Ее слова взволновали его… неожиданно. Он даже сказал себе: «Боже мой! если бы она не была так умопомрачительно богата…» — а затем на миг соблазнился убедительной картиной всего того, что он и она могли бы свершить, имея то самое богатство, что его ужасало. В конце концов, в ее идеалах не было ничего вульгарного — твердые и конкретные, под стать ее грубоватым и тяжелым чертам; но было в них некое мрачное благородство. И когда она произнесла: «великой иначе», он знал: она прекрасно понимала, что говорит, а не просто пыталась заманить его, вынудить ступить в ловушку. В ней не было ни капли хитрости, кроме той, что выдавила из себя сама ее прямая душа.

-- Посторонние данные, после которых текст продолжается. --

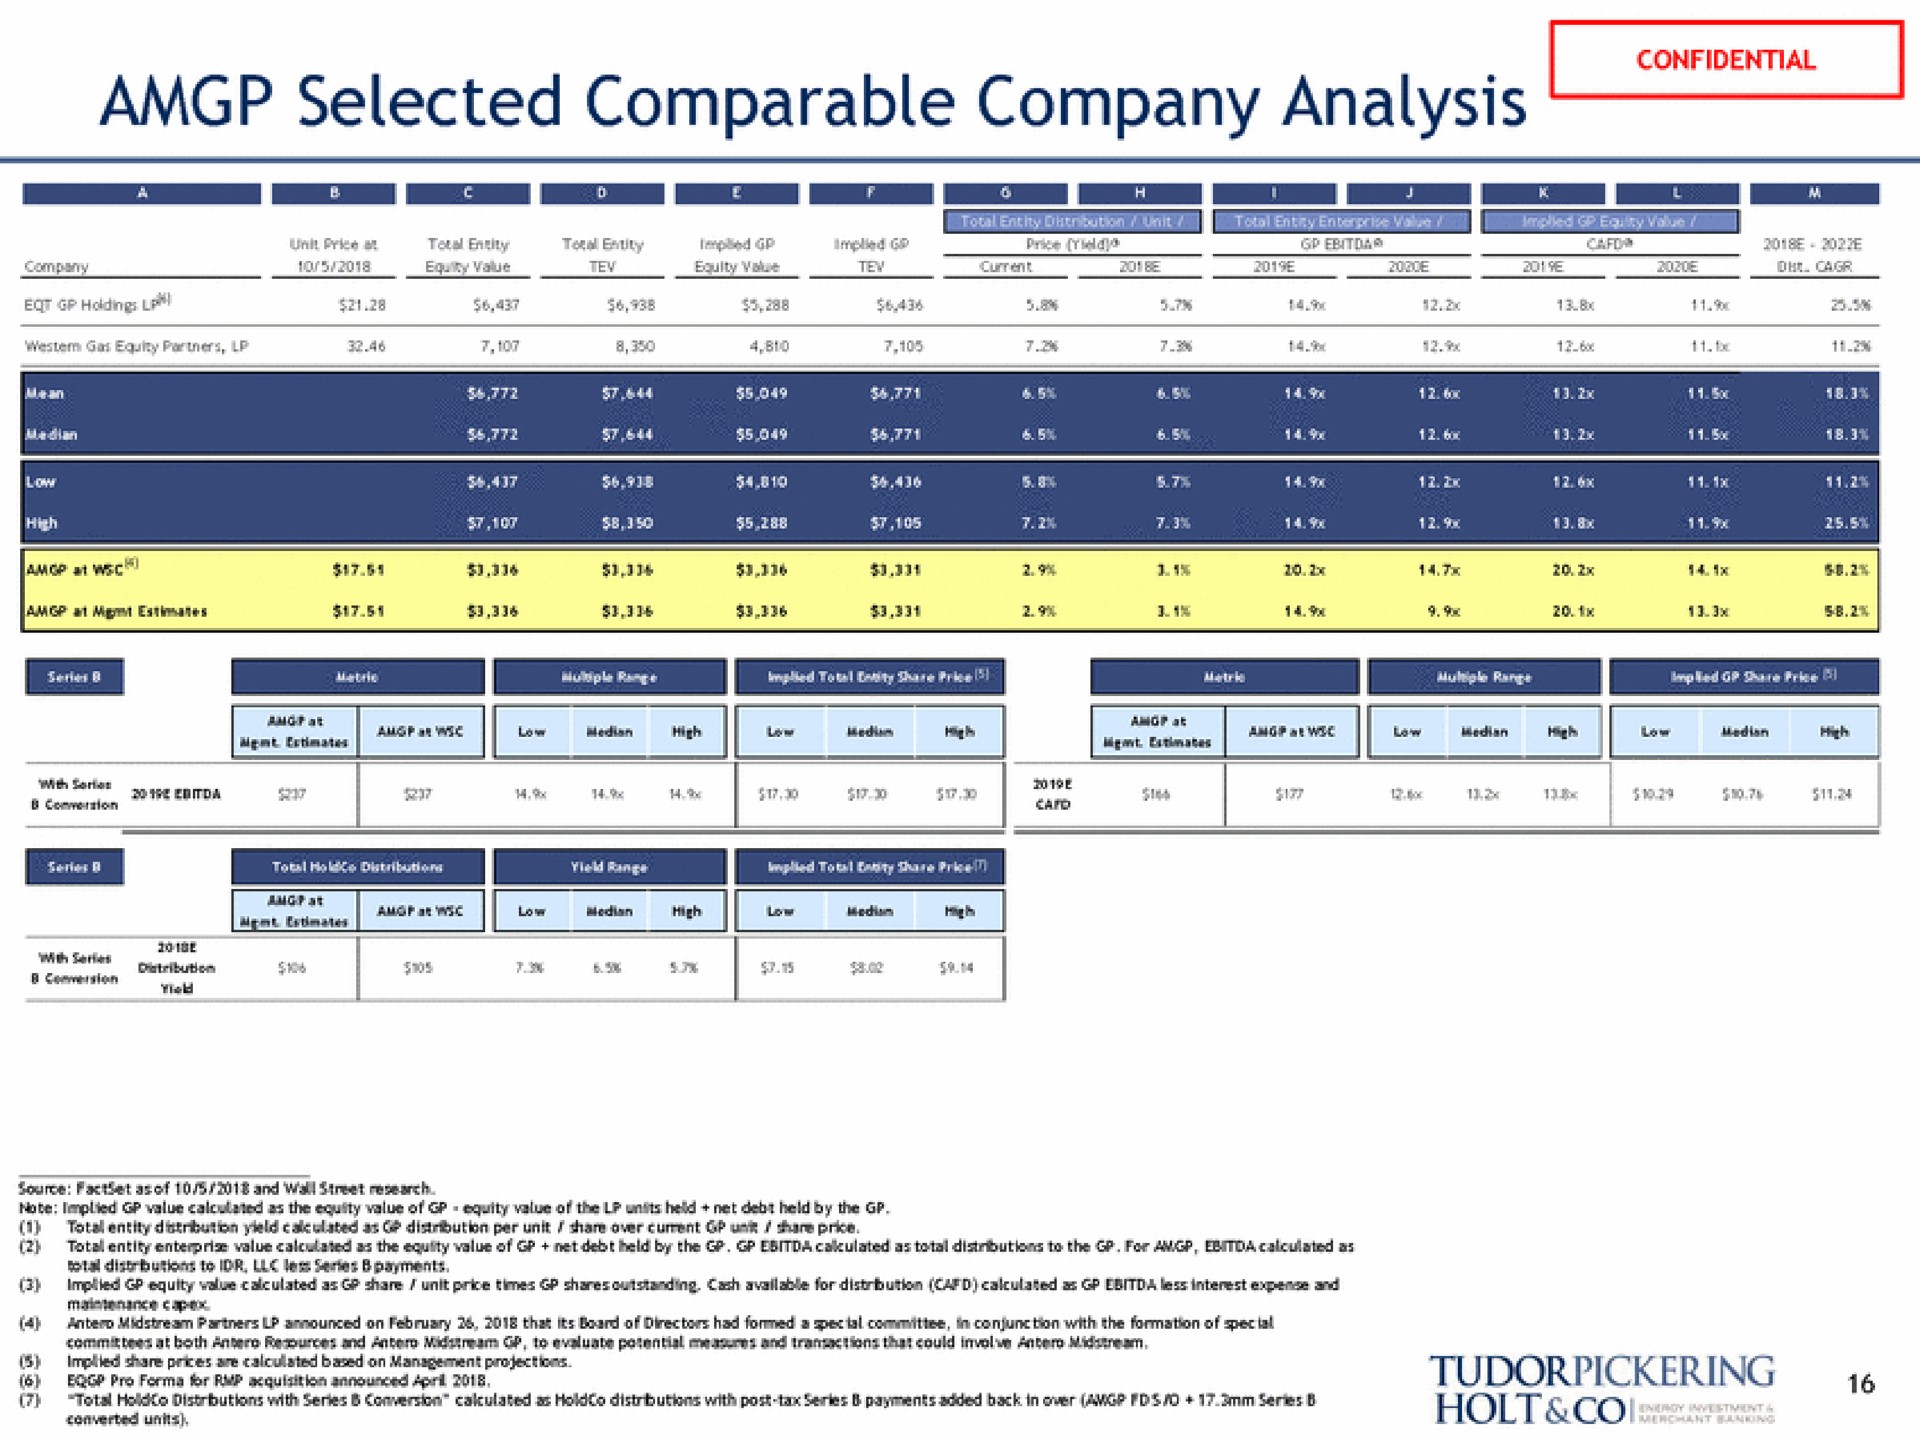 selected comparable company analysis | Tudor, Pickering, Holt & Co

— Великой иначе, — повторил он.
— Не это ли вы назвали счастьем? Я хотела быть счастливой… но мы не вольны выбирать.
Он подошел к ней:
— Да, никто не волен выбирать. И как кто-то может дать вам счастье, если он сам несчастлив?
Он взял ее ладони, ощущая, какие они крупные, мускулистые и волевые, даже тая у него в руках.
— Моя бедная Корал, разве я чем могу помочь вам? Что вам нужно, так это быть любимой.
Она отступила назад и твердо и открыто сказала:
— Нет — просто любить самой.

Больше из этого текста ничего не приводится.